Essa descrição dos índios também servia para indicar que os povos que ali viviam eram selvagens, incivilizados e de uma cultura inferior (segundo a ótica europeia). Todorov (1983) afirma que a atitude de Colombo em relação à cultura indígena era a de um colecionador de curiosidades e nunca vem acompanhada de uma tentativa de compreender. Sabemos que essa atitude, de Colombo e de outros colonizadores que vieram depois, levou à escravização e dizimação dos povos indígenas no Brasil. Atualmente a nudez ainda é uma das principais características que as pessoas usam para se referir aos índios, quase sempre como um sinônimo de atraso.
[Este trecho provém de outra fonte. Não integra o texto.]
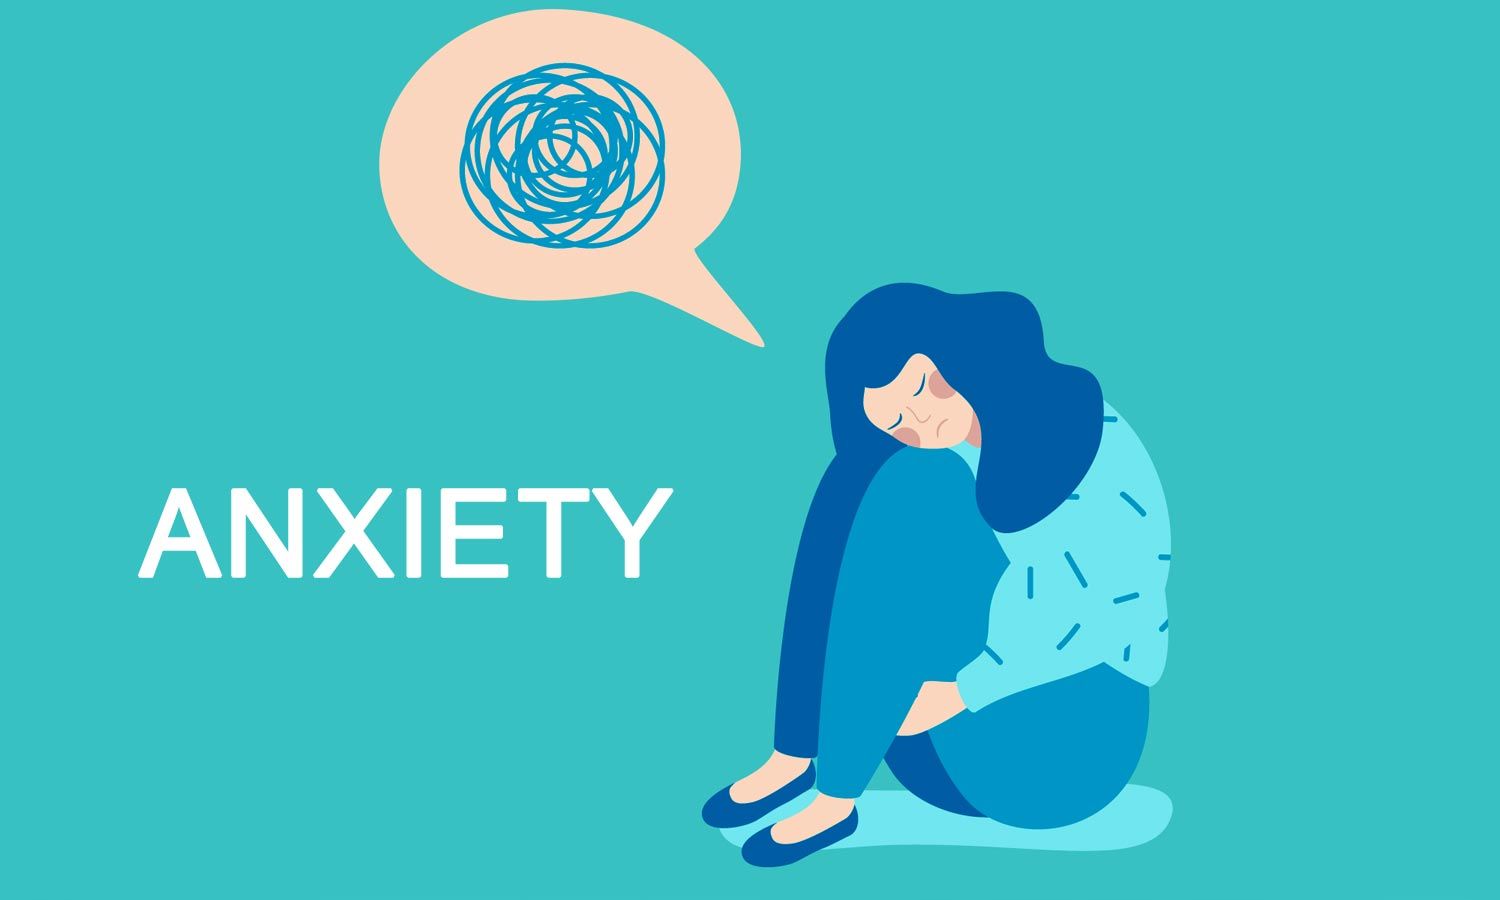 Top 10 Ways to Deal with Anxiety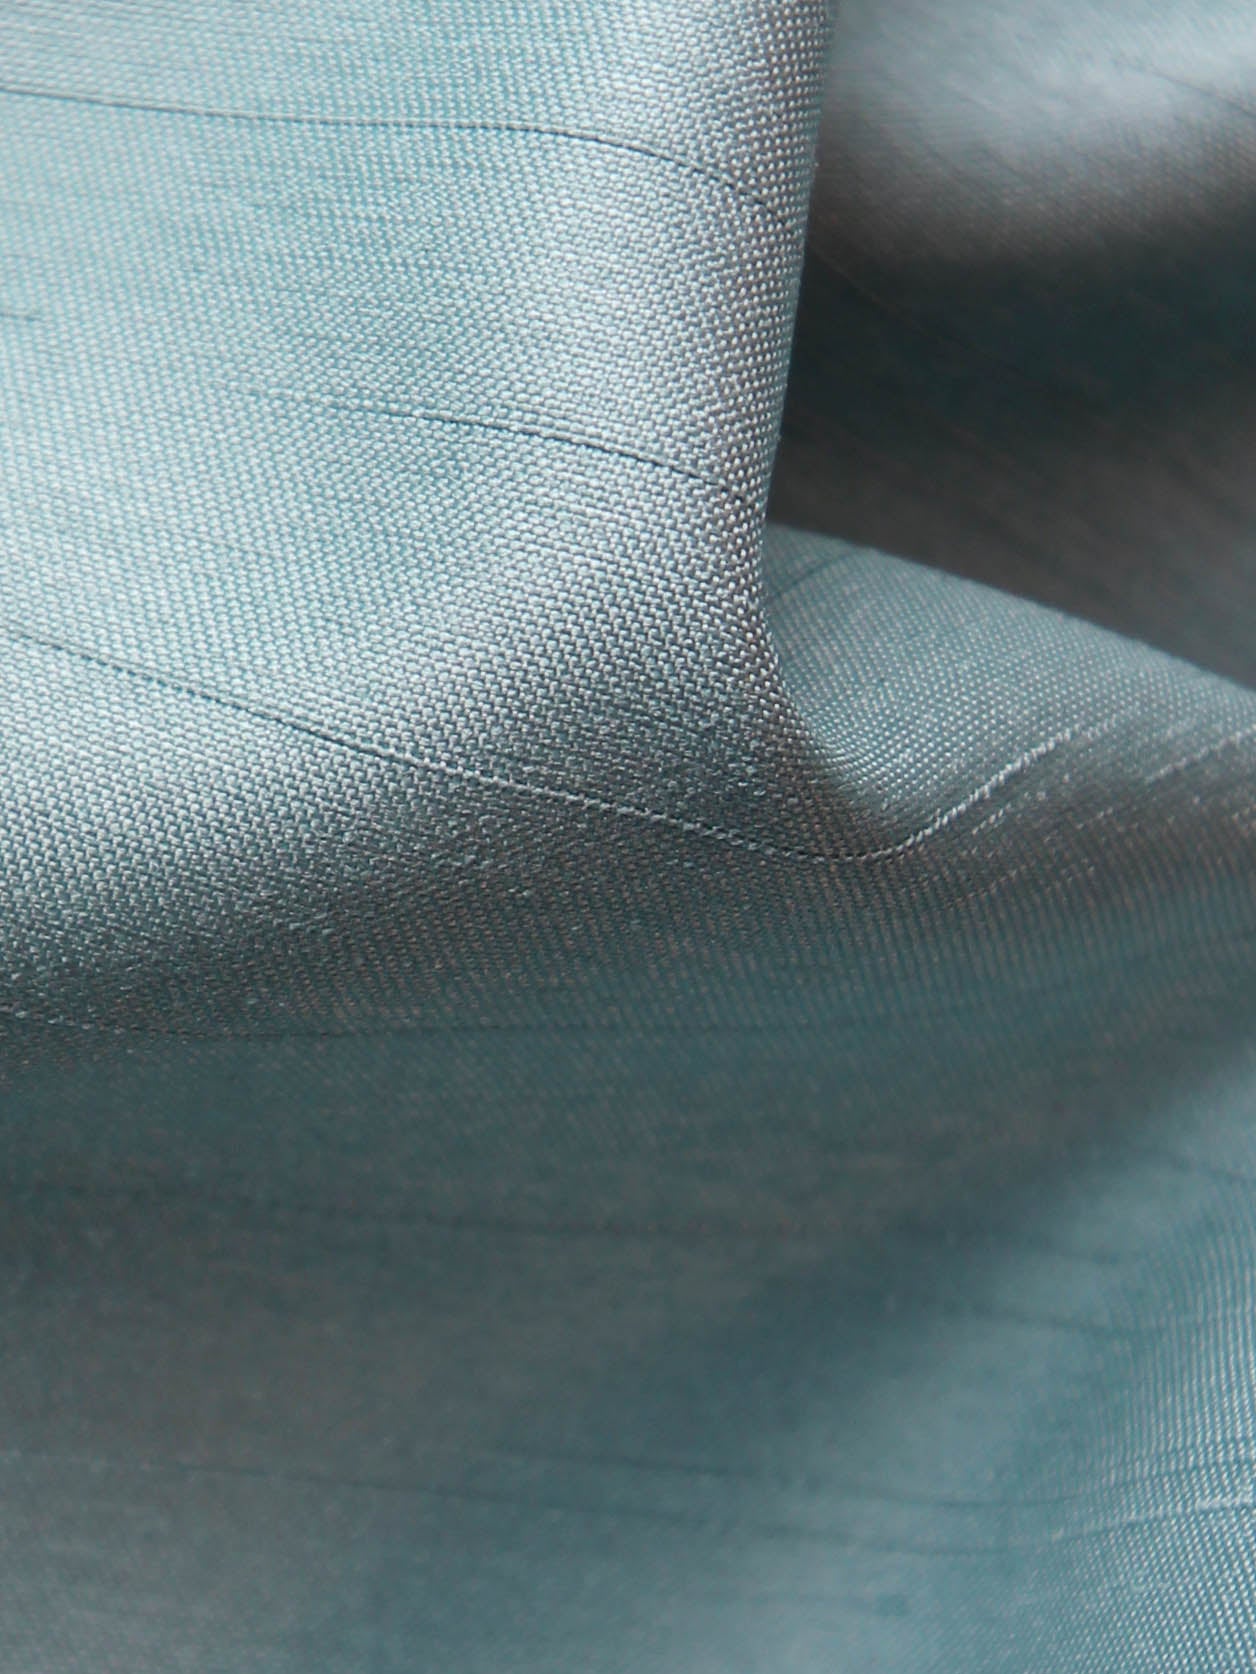 Polyester Satin Backed Dupion (115cm/45) - Clarity (Light Colours)

O professor em sala de aula pode levar essas discussões em relação ao imaginário relacionado à cultura utilizando os mapas aqui sugeridos e para enriquecer ainda mais a discussão sugerimos os relatos das viagens de Pero Vaz de Caminha, Cristóvão Colombo e Pedro Álvares Cabral.
Uma dica!
Indicamos a leitura do caderno de atividades do livro Brasil: uma biografia das professoras Lilia Schwarcz e Heloisa Starling (2015, Companhia das Letras). O material está disponível on-line e apresenta atividades e analises que podem ser utilizadas pelo professor. Relaciona-se ao que discutimos nesse post o capítulo Primeiro veio o nome, depois uma terra chamada Brasil. Os arquivos encontram-se publicados no site da editora. Clica aqui!
REFERÊNCIAS BIBLIOGRÁFICAS
BLOCH, M. Apologia da História ou o ofício de historiador. Rio de Janeiro: Zahar, 2001.DEAN, W. A ferro e fogo: a história e a devastação da mata atlântica brasileira. São Paulo: Companhia das Letras, 1996.
FALCON, F. J. C.; RODRIGUES, A. E. M. A formação do mundo moderno. 2.ed. Rio de Janeiro: Elsevier, 2006.
FONSECA, T. N. de L. e. Iconografia, imaginário e expansão marítima: elementos para a reflexão sobre o ensino de história, DOMÍNIOS DA IMAGEM, LONDRINA, ANO I, N. 1, P. 163-172, NOV. 2007. Dísponivel em: http://www.uel.br/revistas/uel/index.php/dominiosdaimagem/article/view/19262/pdf_26.
LOPES, Jonathan Felix Ribeiro. Cartografia histórica e geopolítica do espaço brasileiro no contexto da colonização da América do Sul (séculos XVI-XVIII). Universidade de Lisboa, 2016. Disponível em: https://repositorio.ul.pt/handle/10451/27138.
SCHWARCZ, L. M.; STARLING, H. M. Brasil: uma biografia. São Paulo: Companhia das Letras, 2015.
TODOROV, Tzvetan. A conquista da América: a questão do outro. São Paulo: Martins Fontes, 1983.